→ **Entries supplied**:
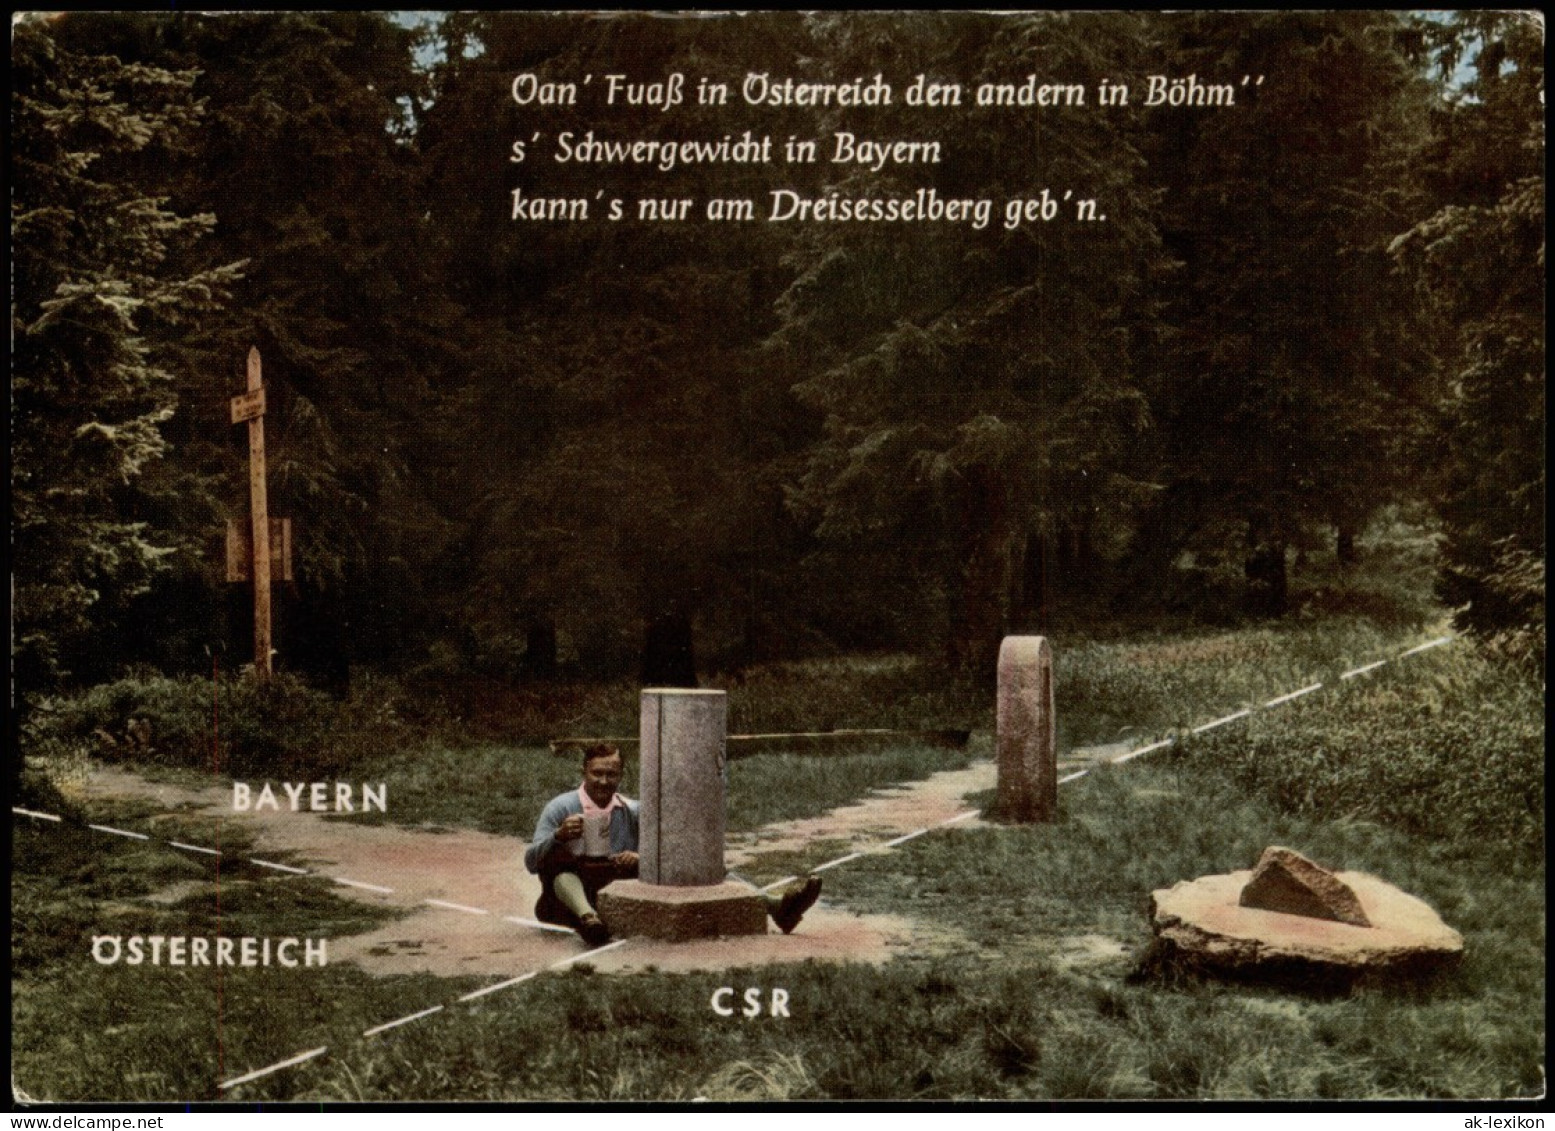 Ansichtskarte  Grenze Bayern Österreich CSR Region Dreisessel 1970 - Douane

* * *

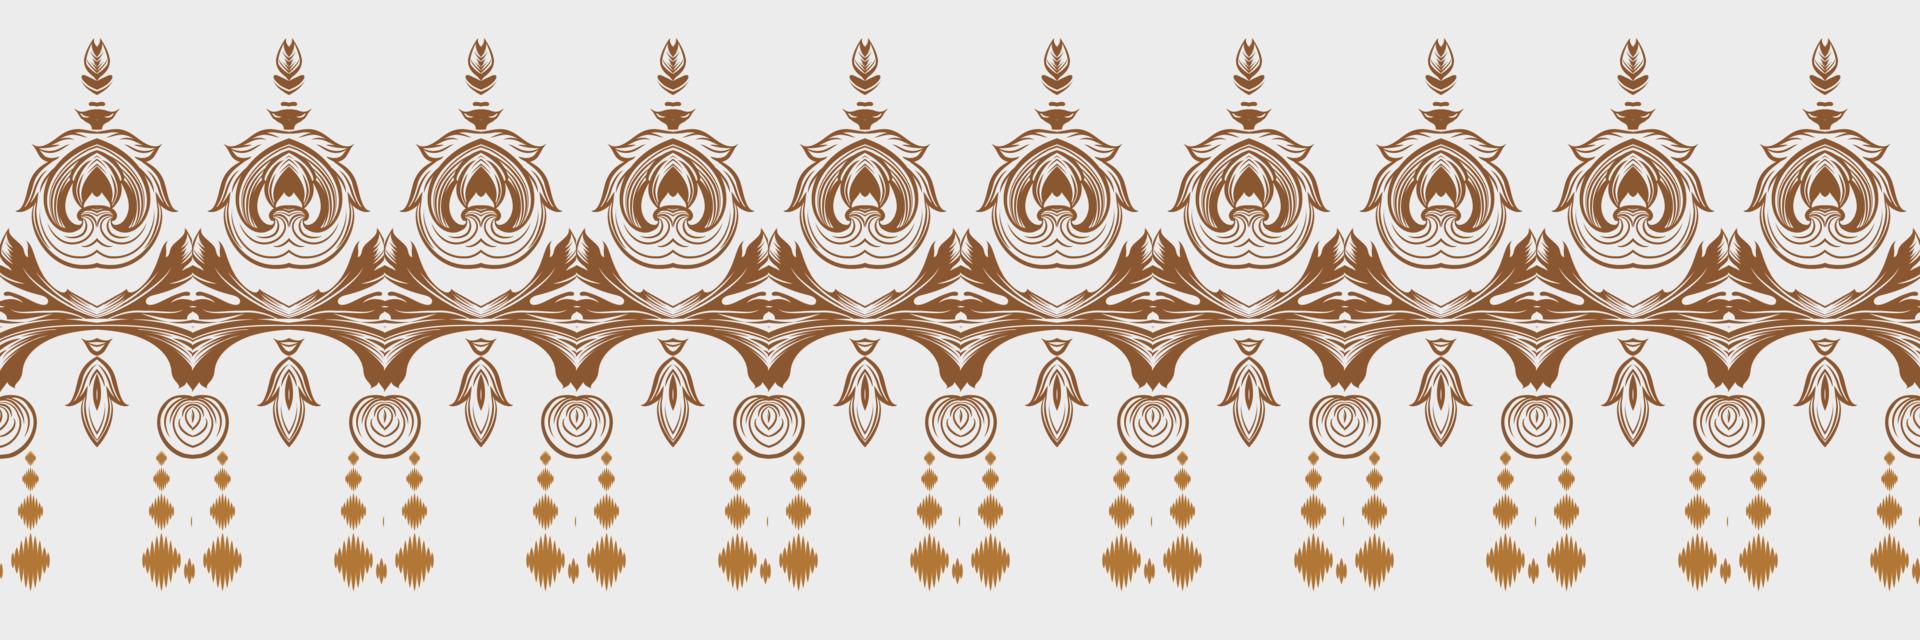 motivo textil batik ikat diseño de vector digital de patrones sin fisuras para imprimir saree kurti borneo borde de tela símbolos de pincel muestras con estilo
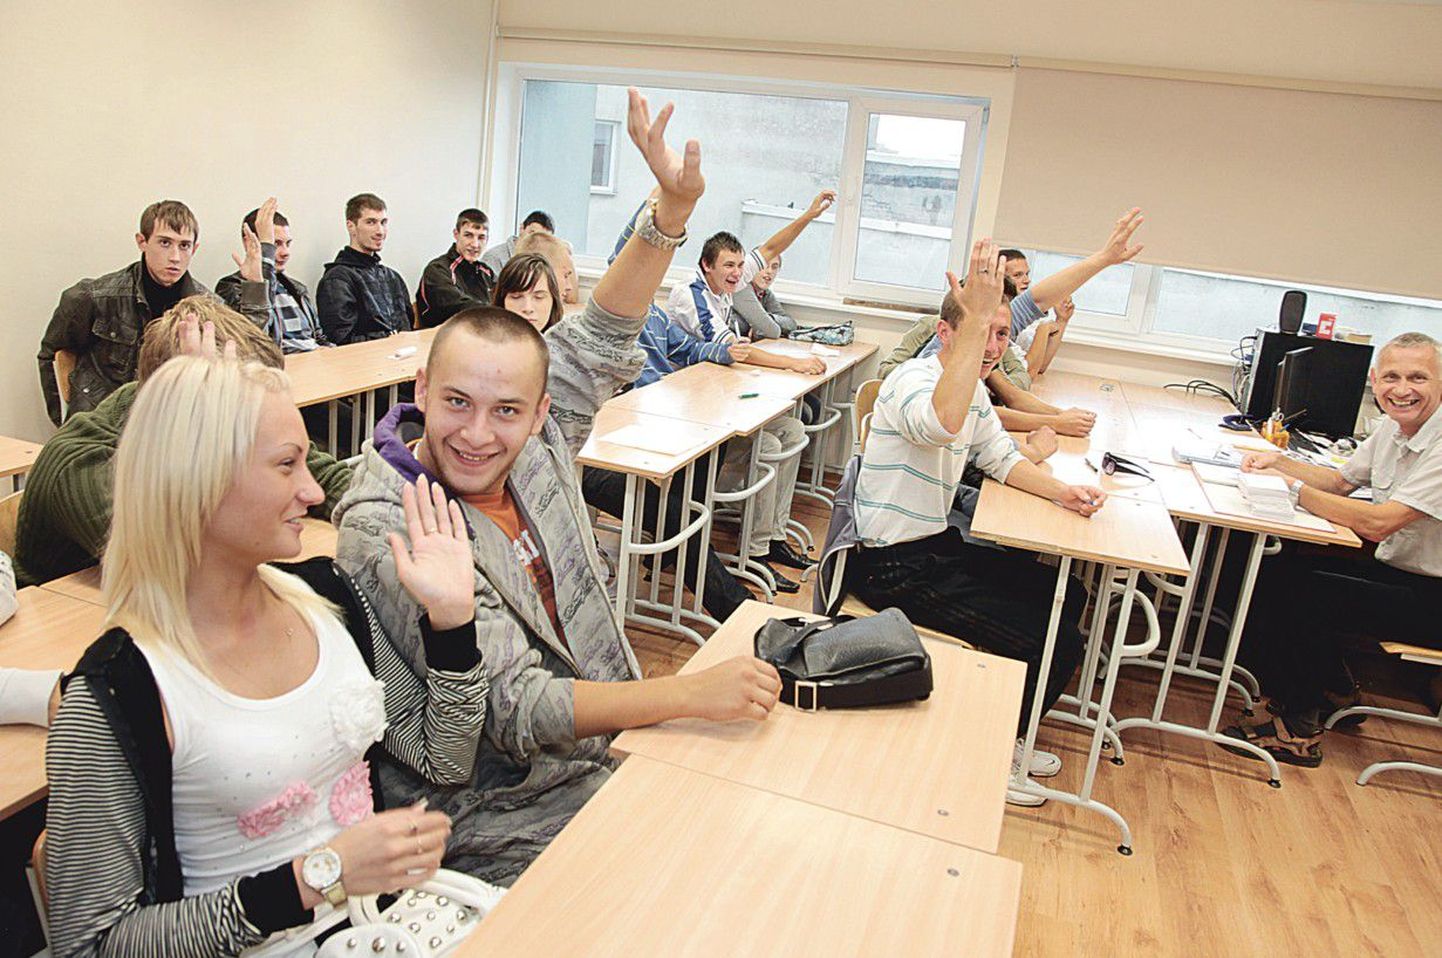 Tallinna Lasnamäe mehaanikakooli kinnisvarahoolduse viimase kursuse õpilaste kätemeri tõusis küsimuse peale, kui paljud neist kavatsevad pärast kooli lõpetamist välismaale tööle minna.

→ **Assignment**: Among the records above, locate the line containing "motivo textil batik" and the line containing "Tallinna Lasnamäe mehaanikakooli", then transcribe exactly the lines starting at the first and ending at the second, with no pictures.

→ **Solution to this exercise**:
 motivo textil batik ikat diseño de vector digital de patrones sin fisuras para imprimir saree kurti borneo borde de tela símbolos de pincel muestras con estilo
 Tallinna Lasnamäe mehaanikakooli kinnisvarahoolduse viimase kursuse õpilaste kätemeri tõusis küsimuse peale, kui paljud neist kavatsevad pärast kooli lõpetamist välismaale tööle minna.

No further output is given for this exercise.